Instrument Profiles: Credit Derivatives
Source: Federal Reserve System 
(The complete Activities Manual (pdf format) can be downloaded from the Federal Reserve's web site)


Credit derivatives are off-balance-sheet financial instruments that permit one party (the beneficiary) to transfer the credit risk of a reference asset, which it typically owns, to another party (the guarantor) without actually selling the asset. In other words, credit derivatives allow users to ''unbundle'' credit risk from financial instruments and trade it separately. 

Based on dealer estimates, the market for credit derivatives approached $40 billion in 1996, with total-return swaps and default puts (including default swaps and outright put options) accounting for more than half of the market. The average transaction size is rather small at $10 million to $25 million, while the average tenor of transactions is less than two years. The tenor of new transactions is lengthening, however, and swaps up to five years are not uncommon. While the slowly expanding market for credit derivatives has encouraged dealers and end-users to enter the market, secondary-market activity is very limited. 


In general, credit derivatives have three distinguishing features: 

1. the transfer of the credit risk associated with a reference asset through contingent payments based on events of default and, usually, the prices of instruments before, at, and shortly after default (reference assets are most often traded sovereign and corporate debt instruments or syndicated bank loans) 
2. the periodic exchange of payments or the payment of a premium rather than the payment of fees customary with other off-balance-sheet credit products, such as letters of credit 
3. the use of an International Swap Derivatives Association (ISDA) master agreement and the legal format of a derivatives contract 

Credit derivatives fall into three basic transaction types: total-rate-of-return swaps, credit default swaps, and credit-default notes. Presently, total-rate-of-return swaps are the most commonly used credit derivatives.

Total-Rate-of-Return Swaps 

In a total-rate-of-return (TROR) swap, one counterparty (Bank A) agrees to pay the total return on an underlying reference asset to its counterparty (Bank B) in exchange for LIBOR plus a spread. Most often, the reference asset is a corporate or sovereign bond or a traded commercial loan. Since many commercial loans are based on the prime rate, both ''legs'' of the swap float with market rates. In this manner, credit risk is essentially isolated and potential interest-rate risk is generally limited to some form of basis risk (for example, prime vs. LIBOR). 

TROR swaps are intended to be an efficient means of transferring or acquiring credit exposure without actually consummating a cash transaction. This feature may be desirable if a bank (Bank A) has credit exposure to a borrower which it would like to reduce while retaining the borrower as a customer, preserving the banking relationship. Also, entities which are not able to bear the administrative costs of purchasing or administering loans, or loan participations, may still acquire exposure to these loans through TROR swaps (Bank B). 

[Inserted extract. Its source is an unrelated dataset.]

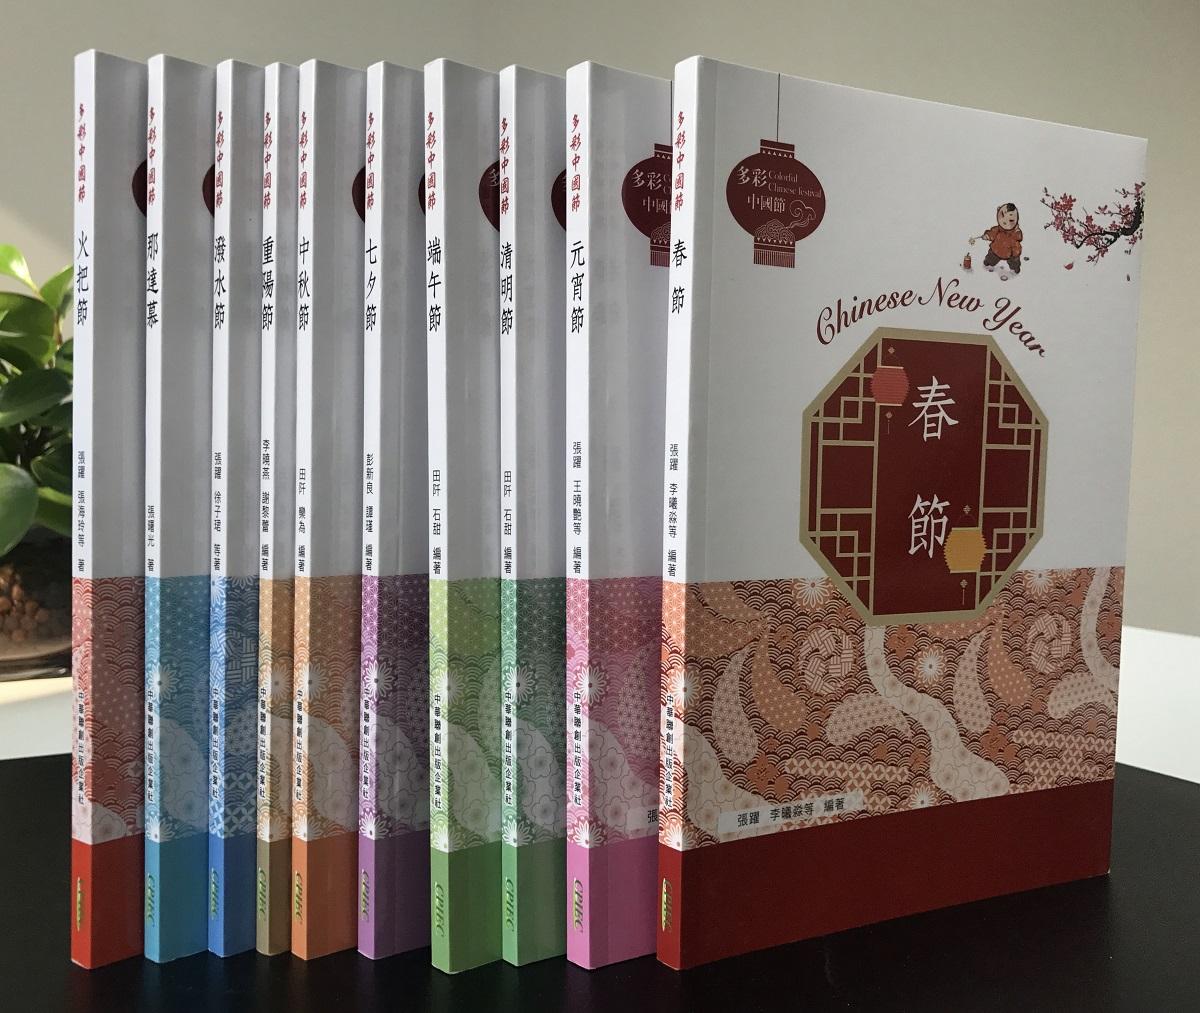 《多彩中国节》丛书在台湾出版

In the example in figure 1, Bank A receives a LIBOR-based payment in exchange for paying out the return on an underlying asset. The total return payments due to Bank B include not only the contractual cash flows on the underlying assets, but also any appreciation or depreciation of that underlying asset that occurs over the life of the swap. Periodically (usually quarterly), the asset's market price is determined by an agreed upon mechanism. Bank B would pay Bank A for any depreciation in the value of the 

Figure 1-Total-Rate-of-Return Swap

underlying asset while receiving any appreciation. Consequently, for the term of the swap, it is as if Bank B actually owns the reference asset that resides on Bank A's balance sheet. 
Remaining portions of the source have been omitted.